MUSCLE (Multiple Sequence Comparison by Log-Expectation), an accurate Multiple Sequence Alignment (MSA) tool, especially good with proteins, is claimed to achieve better average accuracy and better speed than ClustalW2 or T-Coffee, depending on the options (Edgar 2004).

Step1: Paste or upload the sequences in fasta format as follows and select the output format

C. Genewise

GeneWise, a Pairwise Sequence Alignment tool, compares a protein sequence to a genomic DNA sequence, allowing for introns and frames-shifting errors (Birney et al. 2004). GeneWise can provide highly accurate and sensitive predictions of gene structures.

Step1: Paste or upload the protein and corresponding genomic DNA sequences in fasta format as follows to predict gene structure

D. Codeml

Codeml is a part of the PAML package, which is a suite of programs for phylogenetic analyses of DNA or protein sequences using maximum likelihood (ML) (Yang 2007).

Step1: Paste or upload alignment sequences of species they want to analysis with phylip format as follows and phylogenetic tree of these species, then select the model to finish the compute by codeml.

E. Positive selection analysis pipeline

Positive selection analysis pipeline (PSAP) is developed based on perl script, muscle and codeml from PAML package (Yang 2007), which provides 10 species to preform positive selection analysis including human, chimpanzee, gorilla, rhesus monkey, Chinese tree shrew, mouse, rat, rabbit, dog and cow. When users type the gene, select the species and model, the pipeline will extract the related sequences according to ortholog relationship list and choose the phylogenetic tree from the phylogenetic tree list. Then the extracted CDS sequences will be aligned by Muscle 3.7 with the guidance of aligned protein sequences and finish positive selection analysis by codeml from PAML package.

Step1: Type the gene symbol and foreground branch, select species and model to finish the compute by codeml.

F. ExtractSeq

ExtractSeq can extract the sequence from Chinese tree shrew genome by scaffold position information

Step1: Type the position informations as follows to extract the corresponding sequences.

G. ReverseSeq

ReverseSeq can convert a DNA sequence into its reverse, complement, or reverse-complement counterpart. You may want to work with the reverse-complement of a sequence if it contains an ORF on the reverse strand.

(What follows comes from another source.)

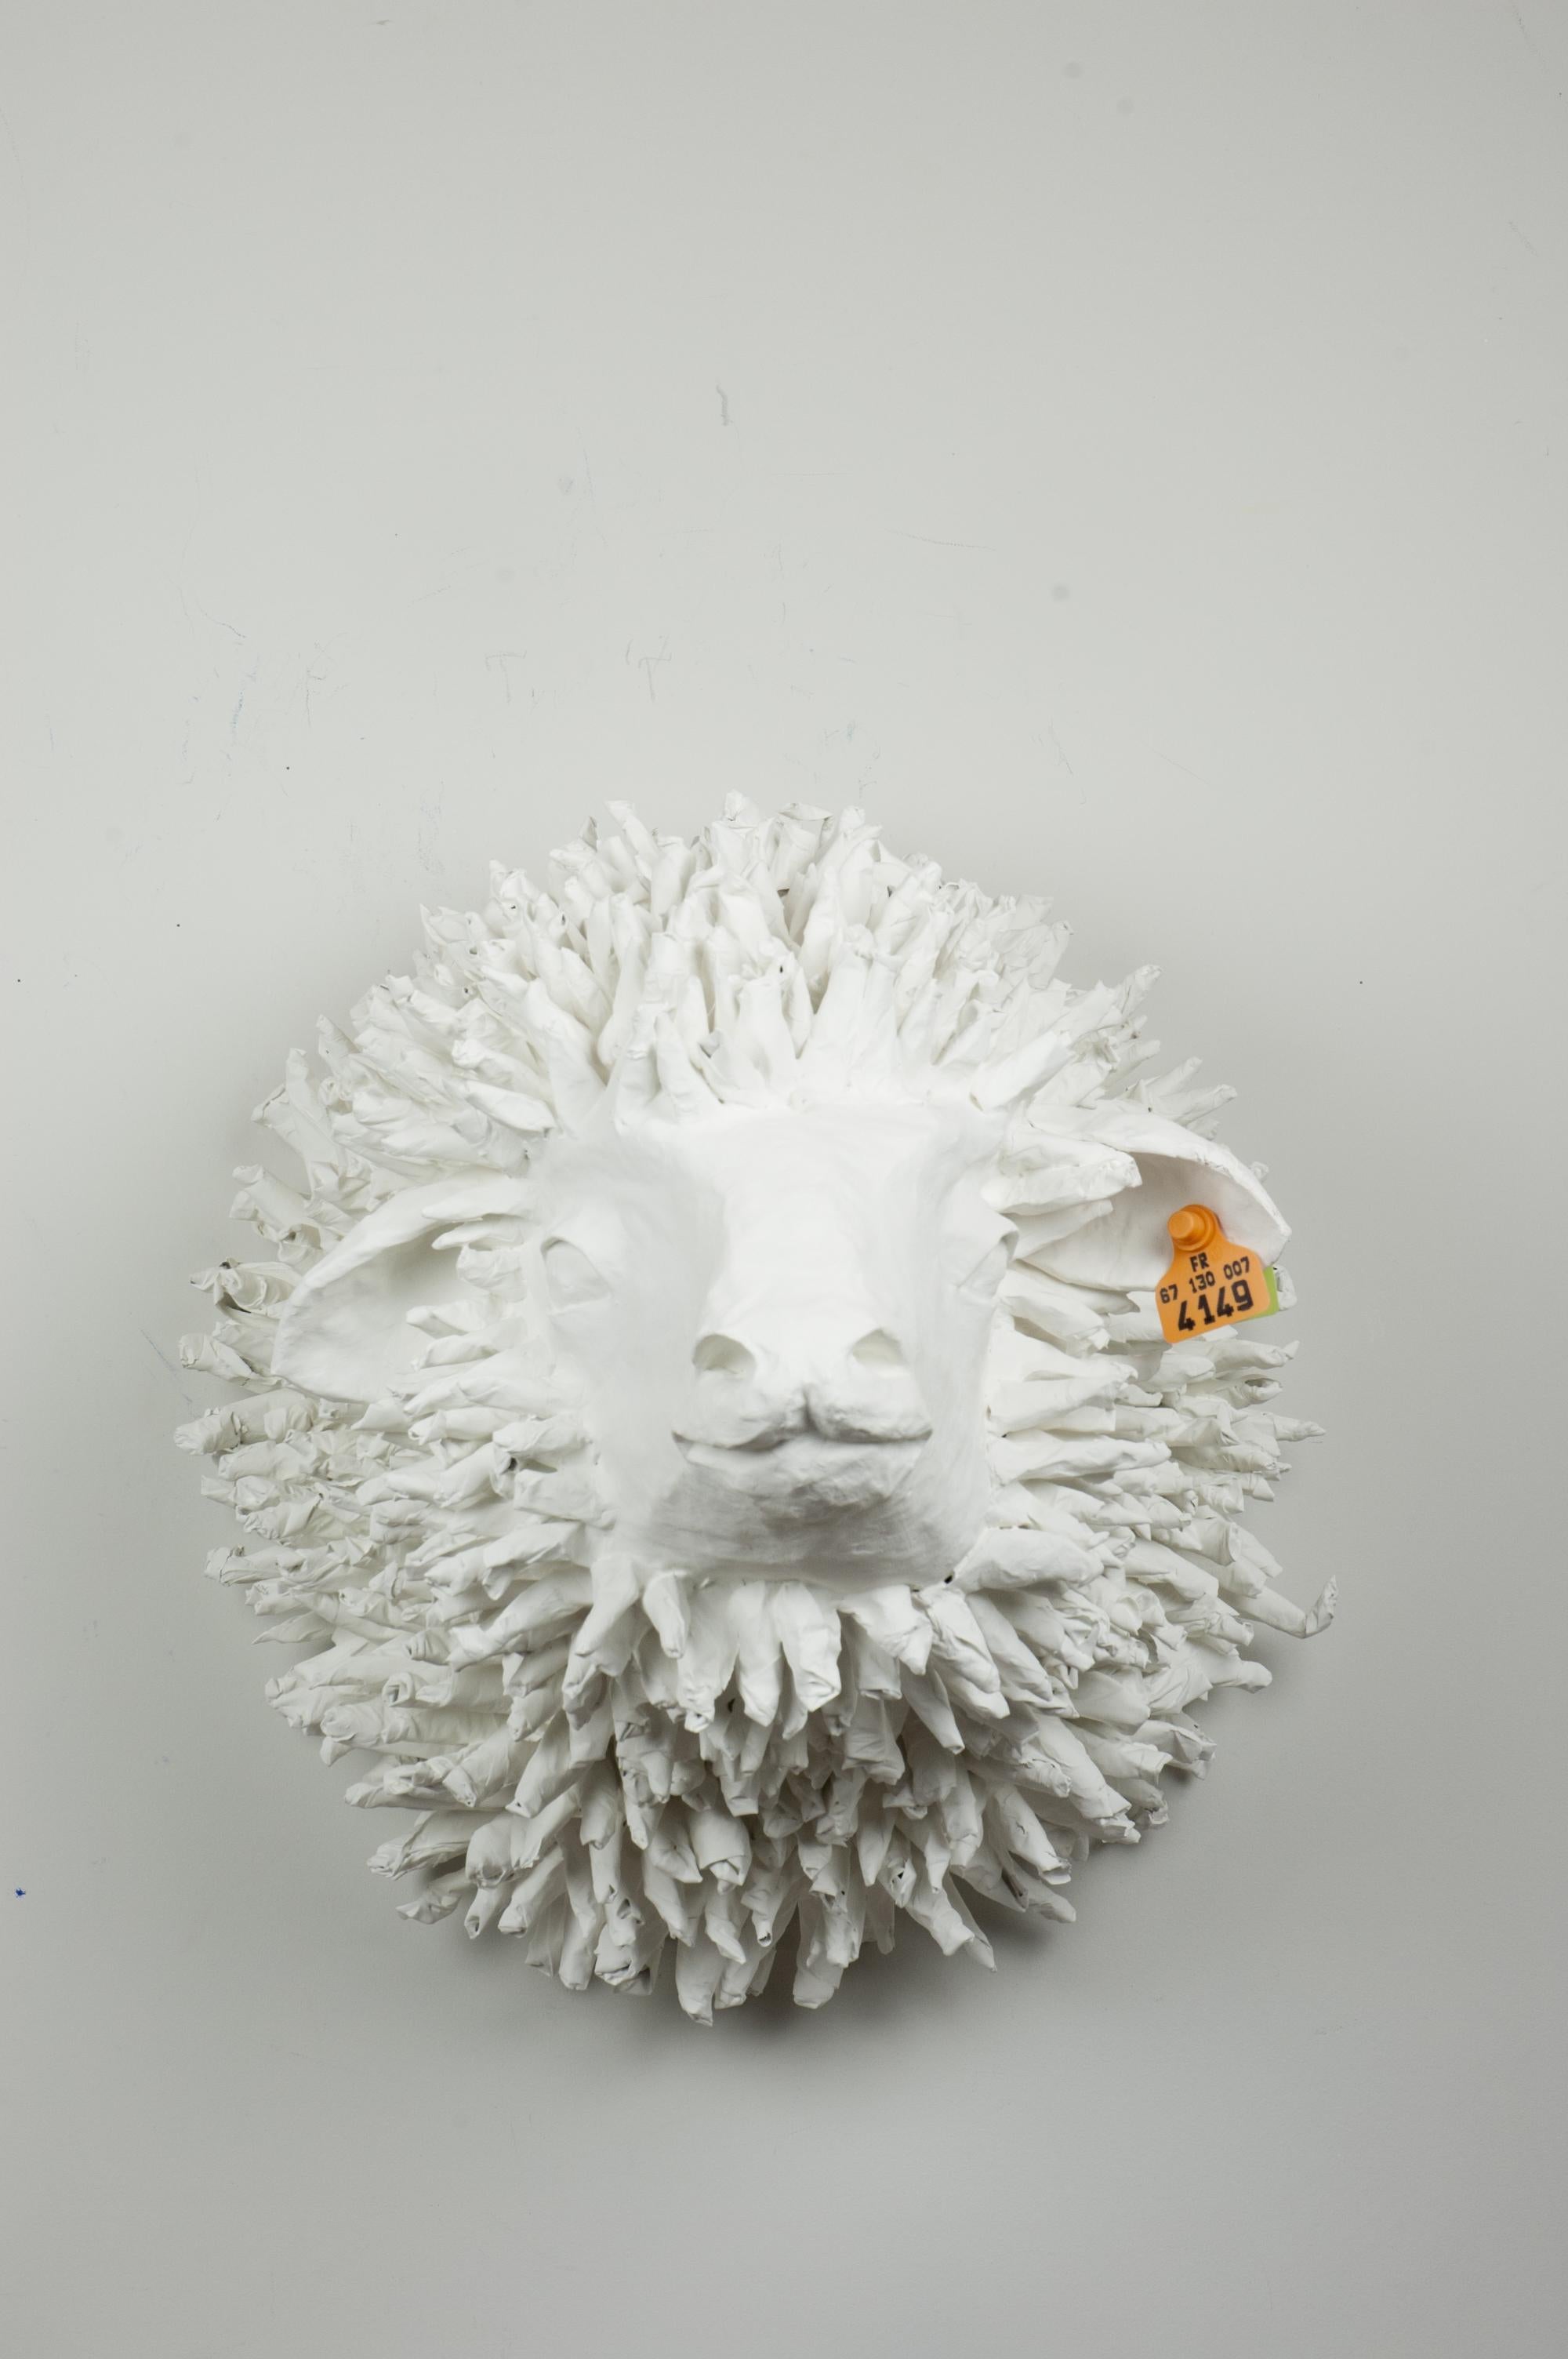 Life-sized sheep trophies are the new in-thing. This papier-mâché trophy adds that French panache to any contemporary setting. Decidedly modern, all in white, it harmonizes with every decor. Each handmade trophy is one-of-a-kind, with its own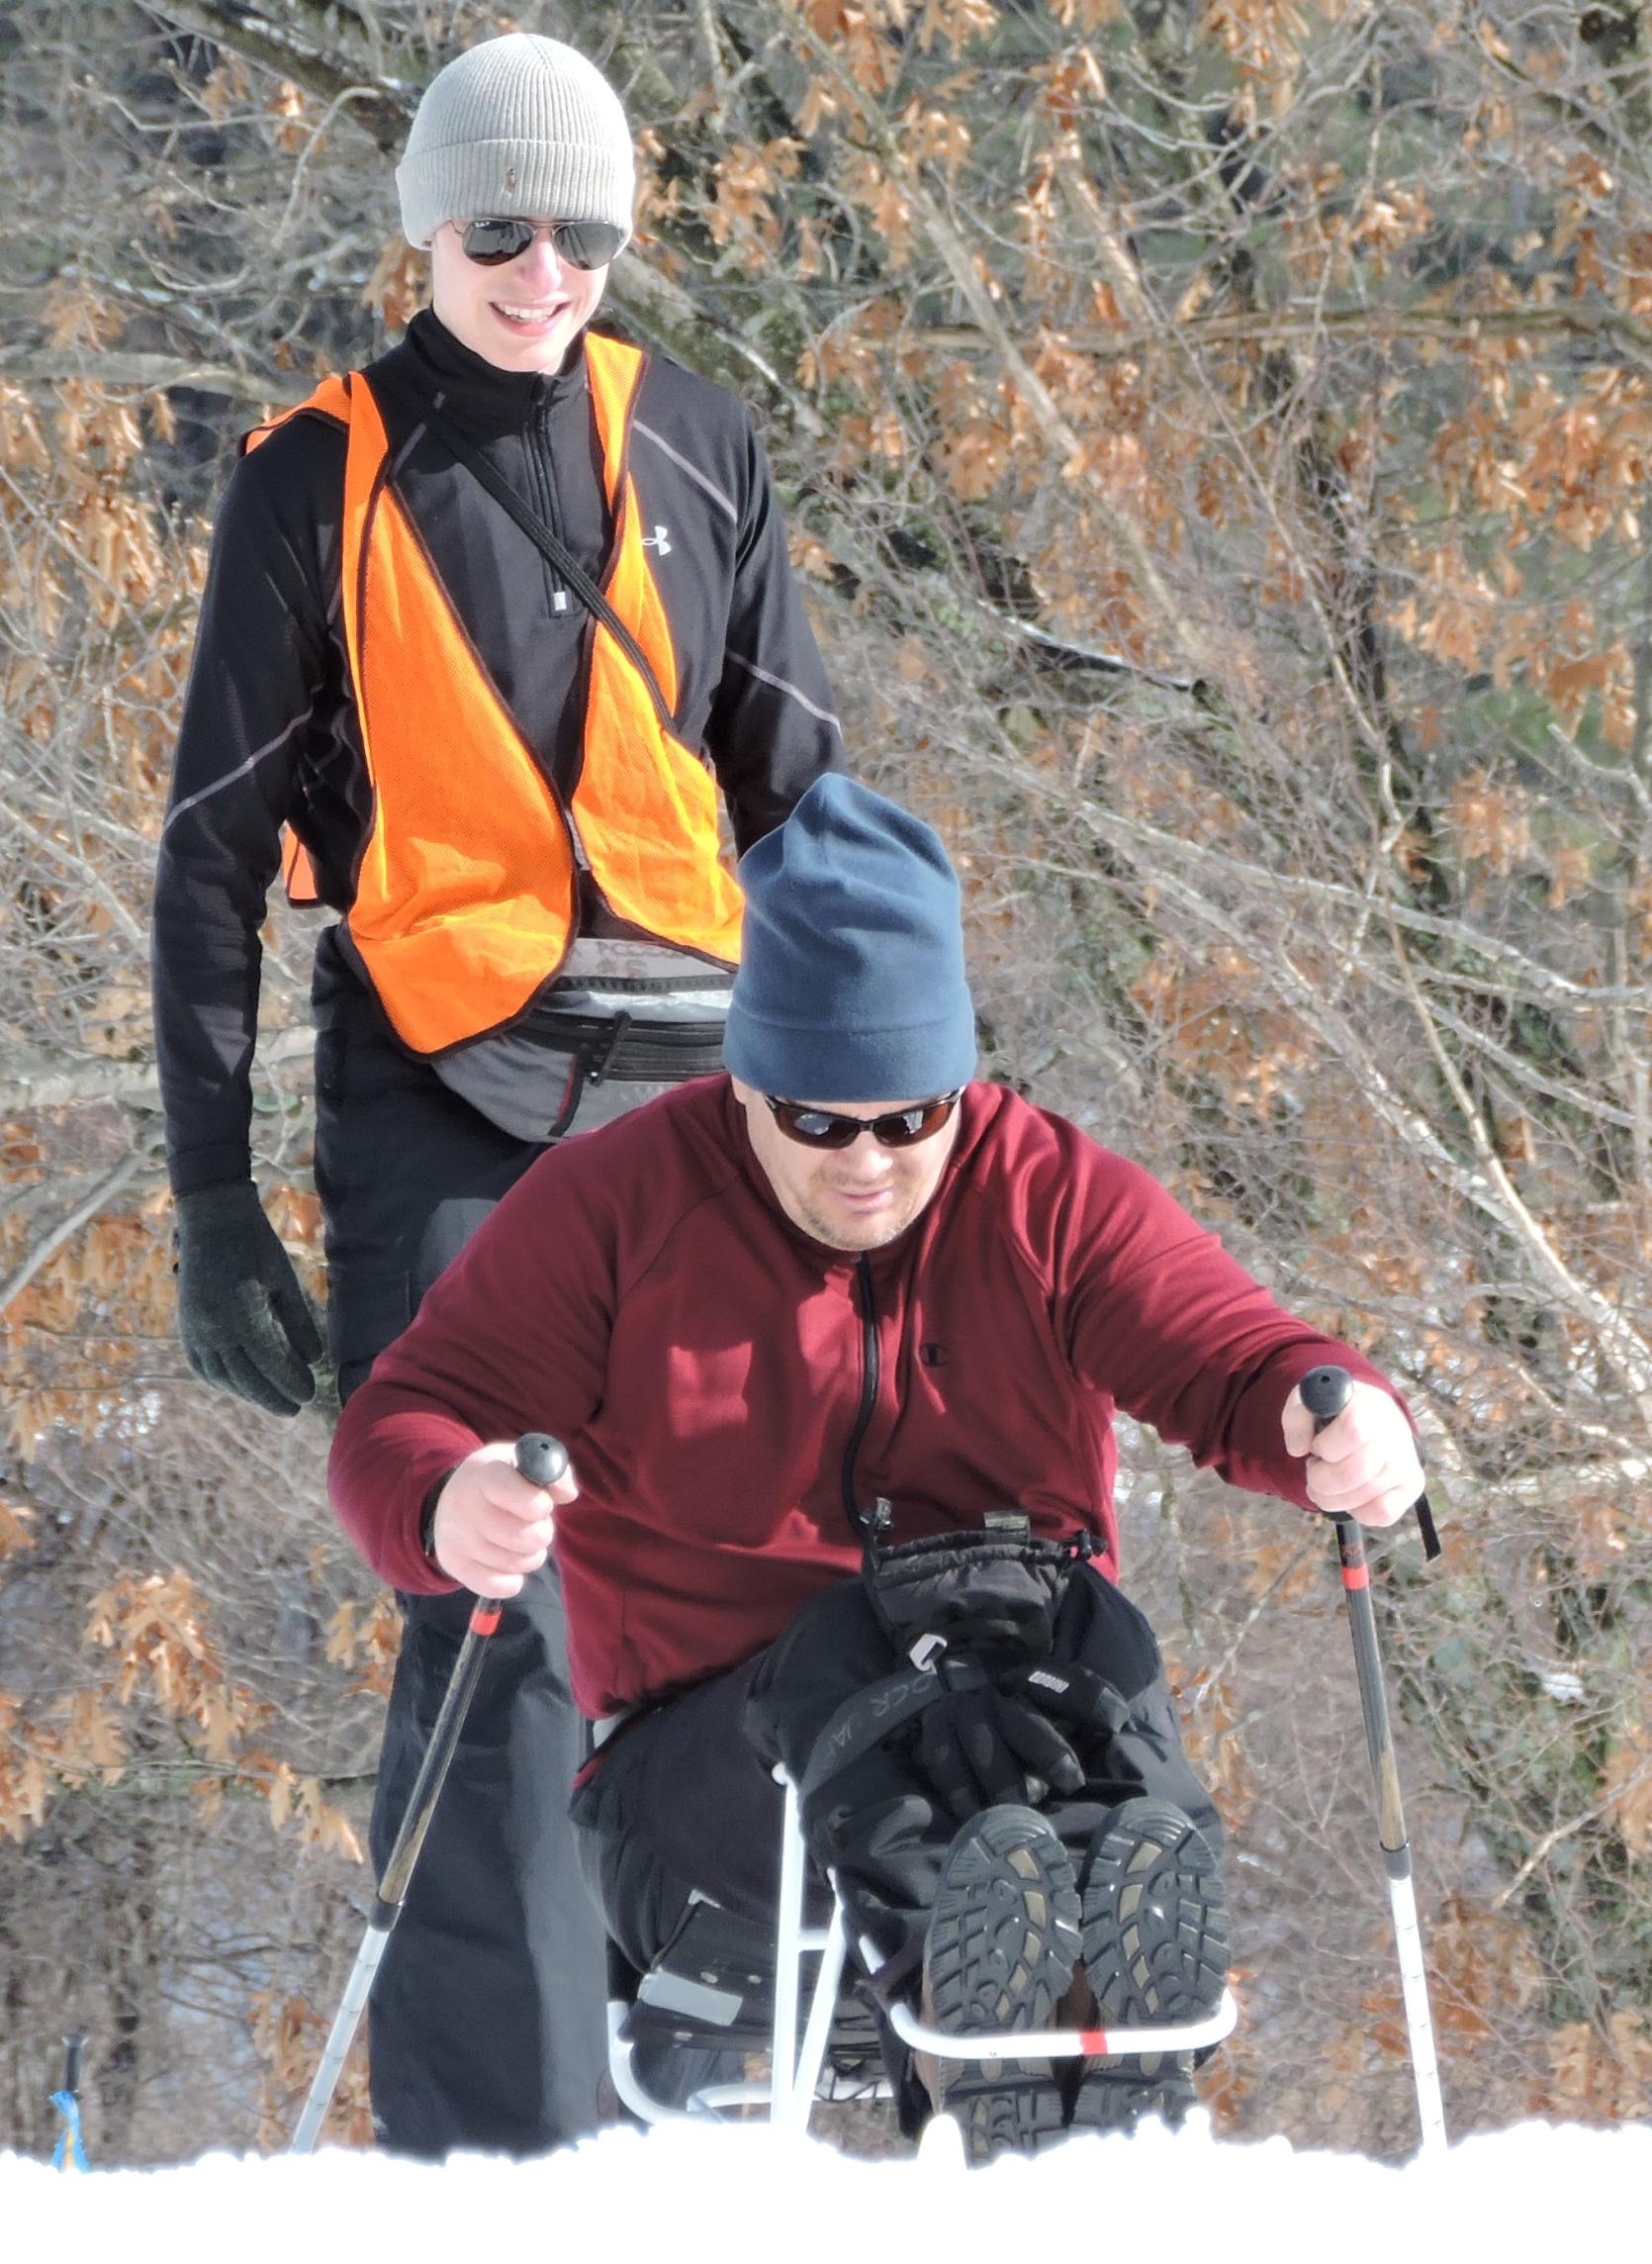 A man in a sit ski pushing himself up a slight hill using two short ski poles with another man walking behind him.

Step1: Paste sequences in fasta format as follows to convert into its reverse, complement, or reverse-complement counterpart.

H. TranslateCDS

ReverseSeq can translate coding DNA sequence to protein sequence.

Step1: Paste CDS sequence in fasta format as follows to translate the corresponding protein sequence

References:

Altschul SF, Madden TL, Schaffer AA, Zhang J, Zhang Z, Miller W, Lipman DJ. 1997. Gapped BLAST and PSI-BLAST: a new generation of protein database search programs. Nucleic Acids Res, 25(17): 3389-3402.

Birney E, Clamp M, Durbin R. 2004. GeneWise and Genomewise. Genome Res, 14(5): 988-995.

Donlin MJ. 2007. Using the Generic Genome Browser (GBrowse). Curr Protoc Bioinformatics, Chapter 9: Unit 9 9.

Edgar RC. 2004. MUSCLE: multiple sequence alignment with high accuracy and high throughput. Nucleic Acids Res, 32(5): 1792-1797.

Yang Z. 2007. PAML 4: phylogenetic analysis by maximum likelihood. Mol Biol Evol, 24(8): 1586-1591.